The researchers reviewed the medical records and filled out a standardized questionnaire for each patient covering the following items: demographic data, comorbidities, smoking, alcohol consumption, spirometric variables after bronchodilator administration (forced vital capacity [FVC], forced expiratory volume in 1 second [FEV1],) FEV1/FVC ratio), single breath carbon monoxide diffusing capacity (DCO), chest X-ray, arterial blood gas analysis, ASA classification, surgical site, time on anesthesia, length of hospital stay and POPC.

We defined POPC as new clinical conditions that appear after surgery.
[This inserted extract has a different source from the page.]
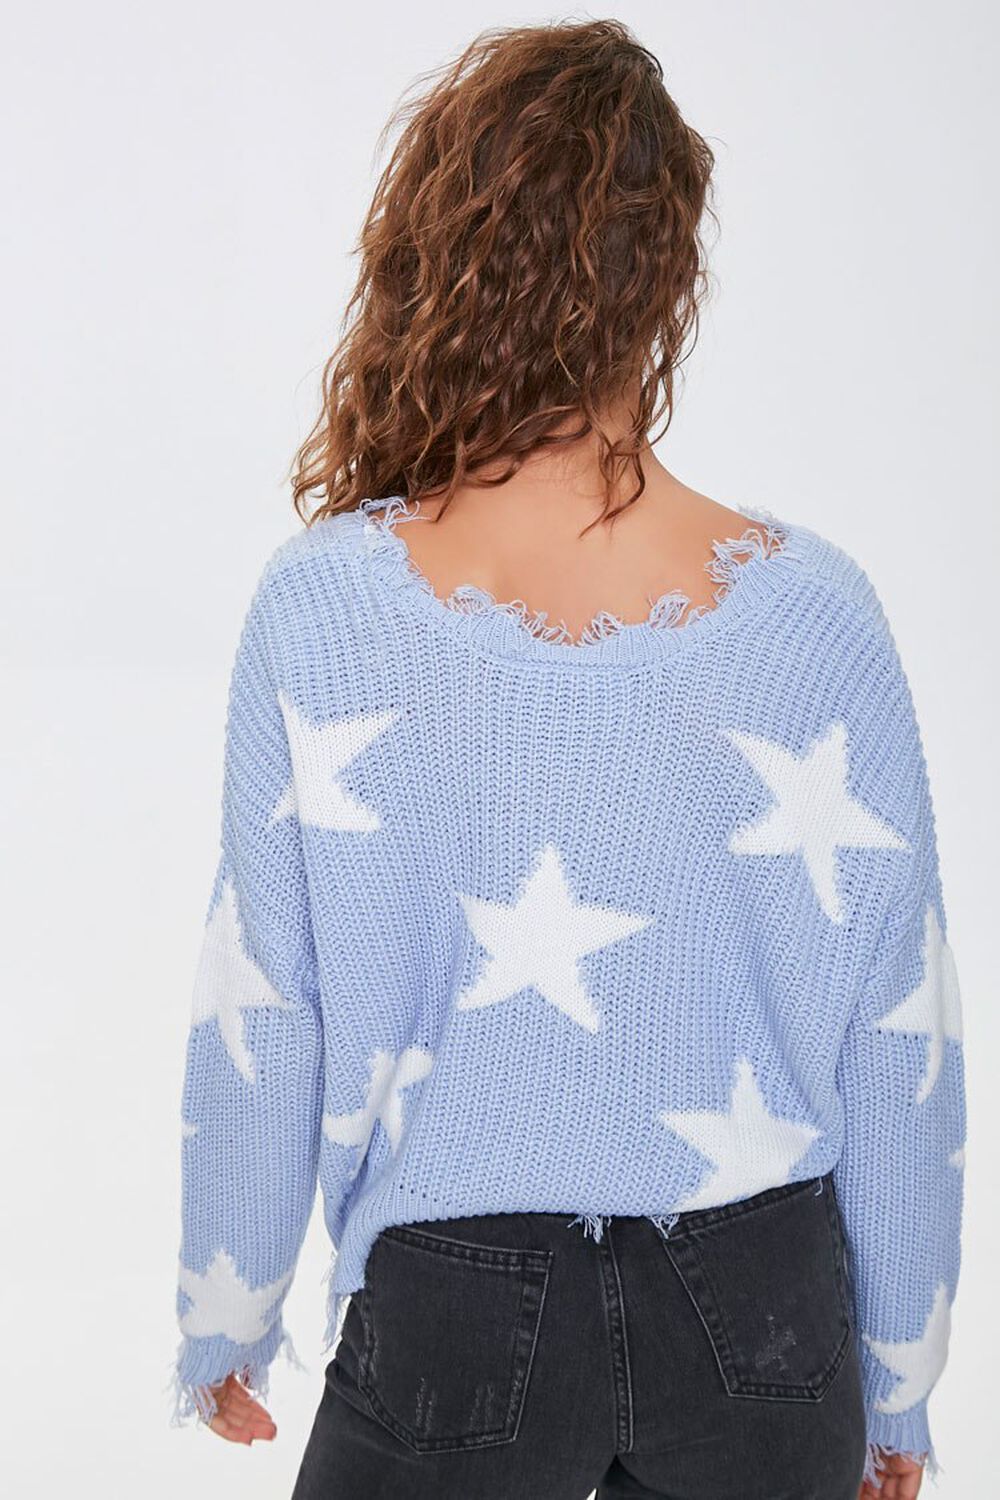 BLUE/CREAM Distressed Star Print Sweater, image 3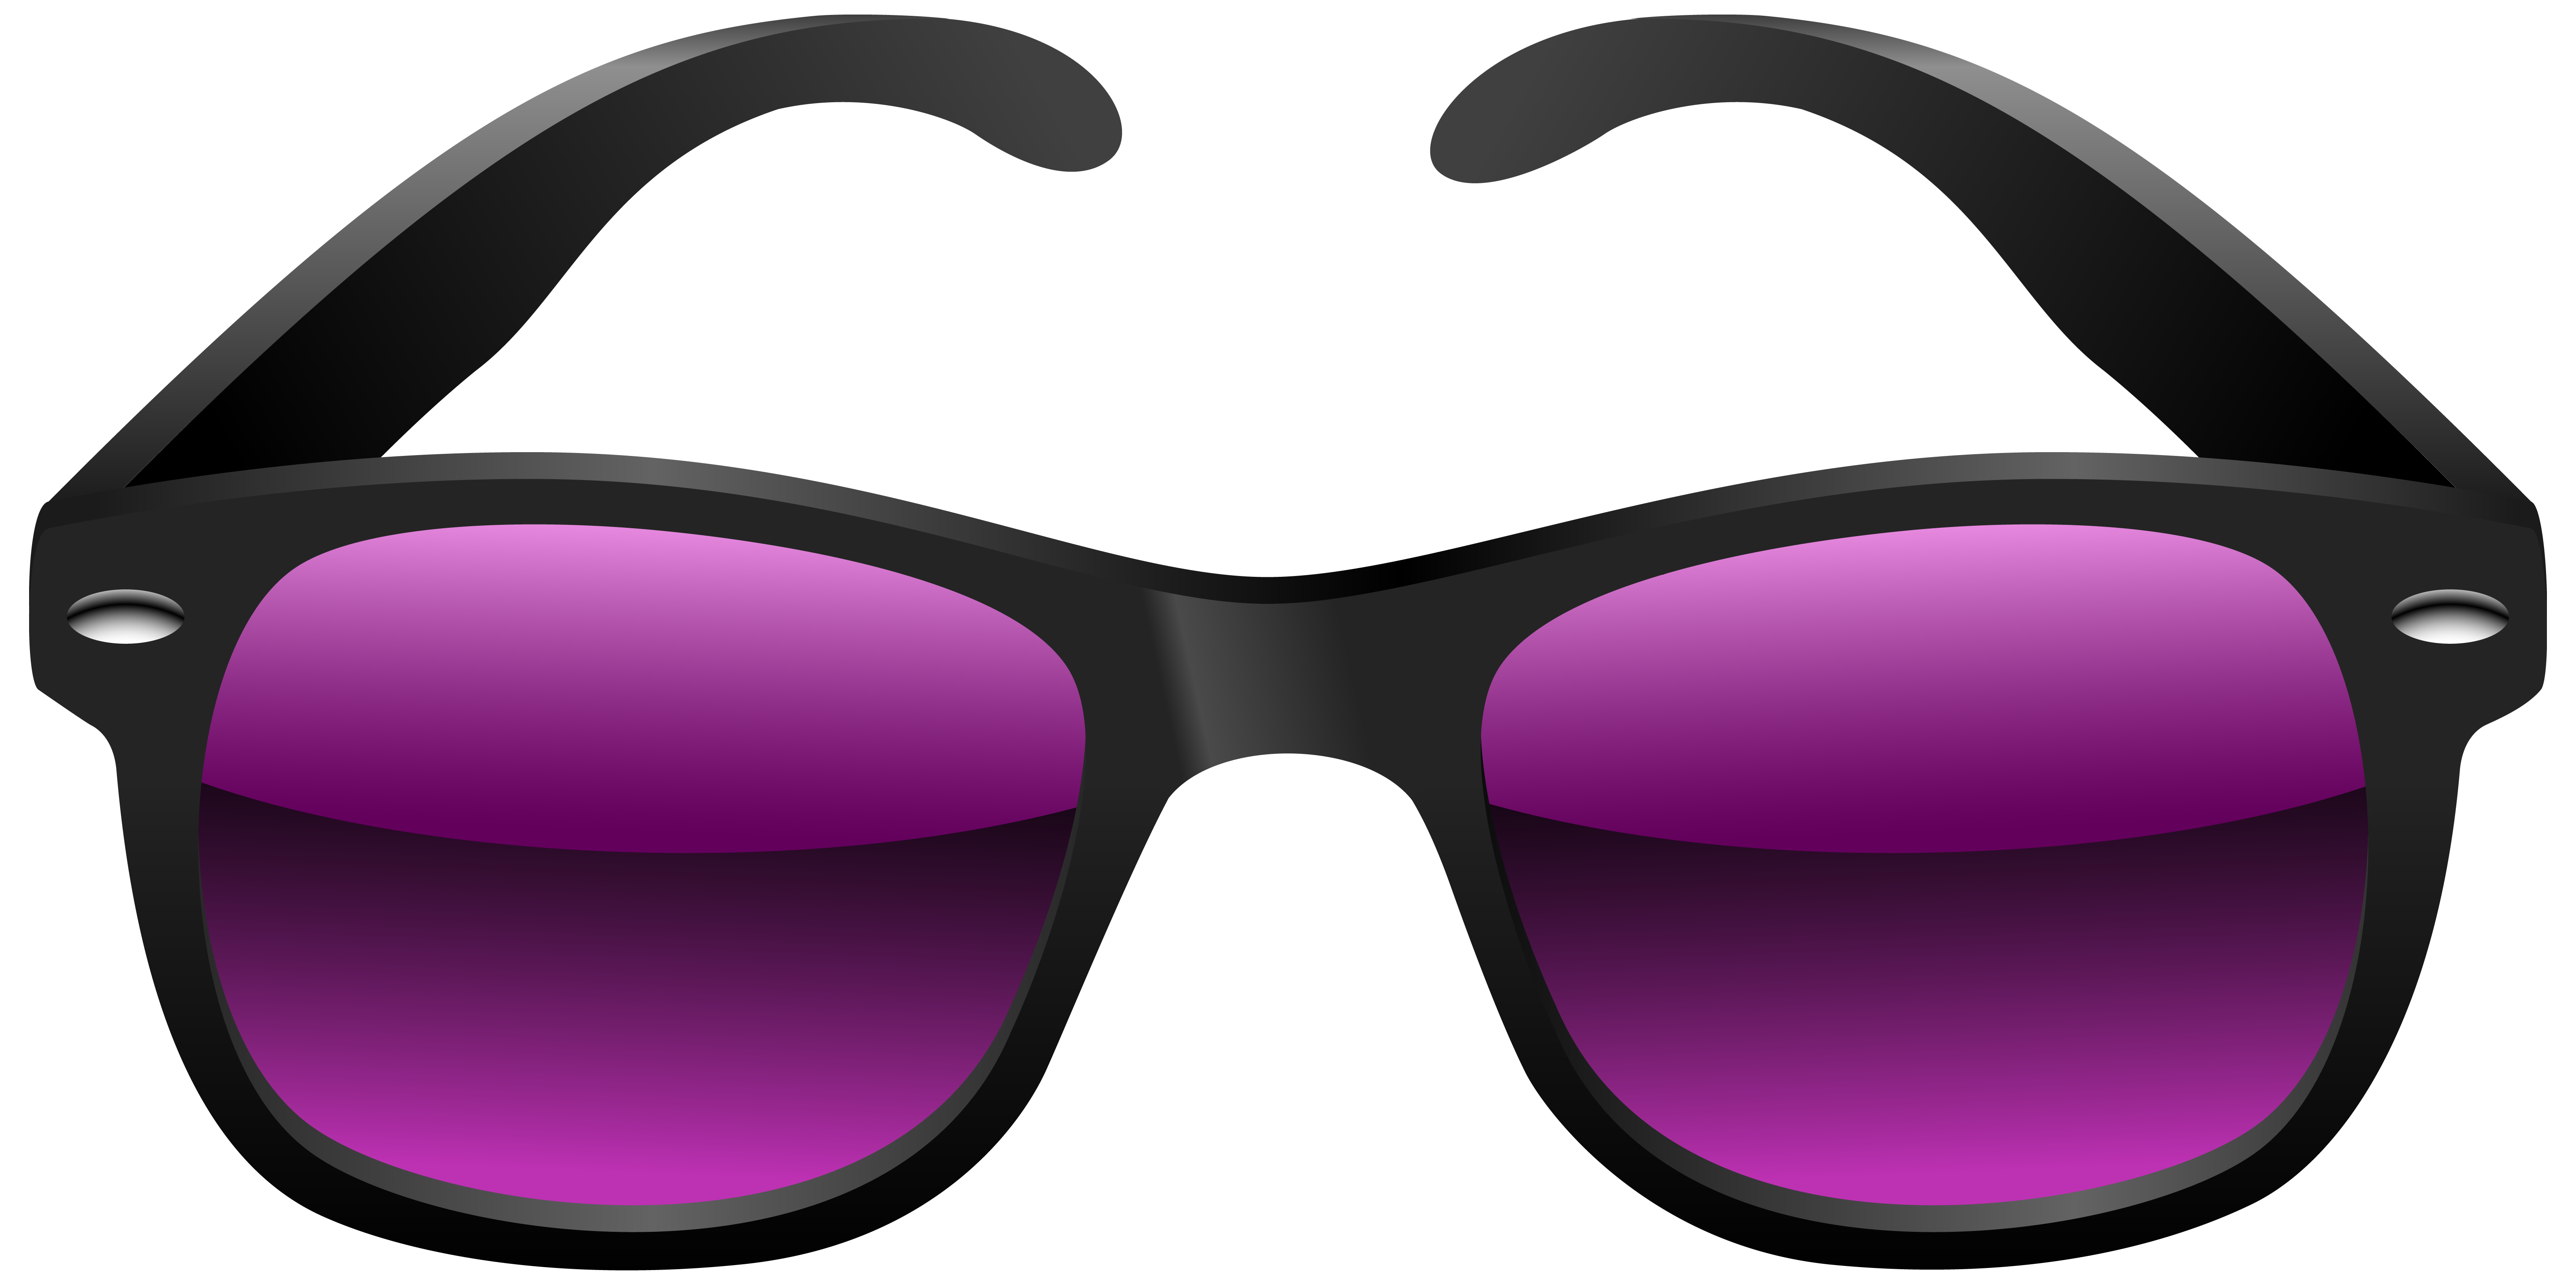 Goggles clipart x2 nokia. Black and purple sunglasses

For the purposes of this study, specific POPC were defined as follows:

1. Pneumonia: recent pulmonary infiltrate visible on chest X-ray, combined with at least two of the following: purulent tracheobronchial secretion, increase in body temperature above 38.3oC or increase in the number of white blood cells in the circulation by more than 25% of the baseline figure.

2. Tracheobronchitis: increase in the quantity or changes in the color or purulent appearance of tracheobronchial secretions, with a normal chest X-ray.

3. Atelectasis with clinical repercussions: evidence of pulmonary atelectasis on chest X-ray combined with acute respiratory symptoms.

4. Acute respiratory failure: clinical status caused by acutely deficient pulmonary gaseous exchange with a need for mechanical ventilation.

5. Prolonged tracheal intubation: oral endotracheal intubation for more than 48 hours; either because mechanical ventilation was maintained to treat acute respiratory failure or for aspiration of tracheobronchial secretions in patients unable to eliminate them spontaneously.

6. Prolonged mechanical ventilation: mechanical ventilation for more than 48 hours to treat acute respiratory failure.

7. Bronchospasm: wheezing detected by pulmonary auscultation combined with acute respiratory symptoms requiring medication, with or without prior history compatible with bronchial hyperresponsiveness, asthma or chronic obstructive pulmonary disease (COPD).

8. Pulmonary embolism: detected by positive pulmonary computed tomographic angiography or high probability pulmonary perfusion scintigraphy.

9. Pulmonary edema: crepitant rales associated with altered cardiac output and capillary wedge pressure.

10. Pneumothorax or pleural hemorrhage observed on chest X-ray and requiring drainage.

11. Death from respiratory complications.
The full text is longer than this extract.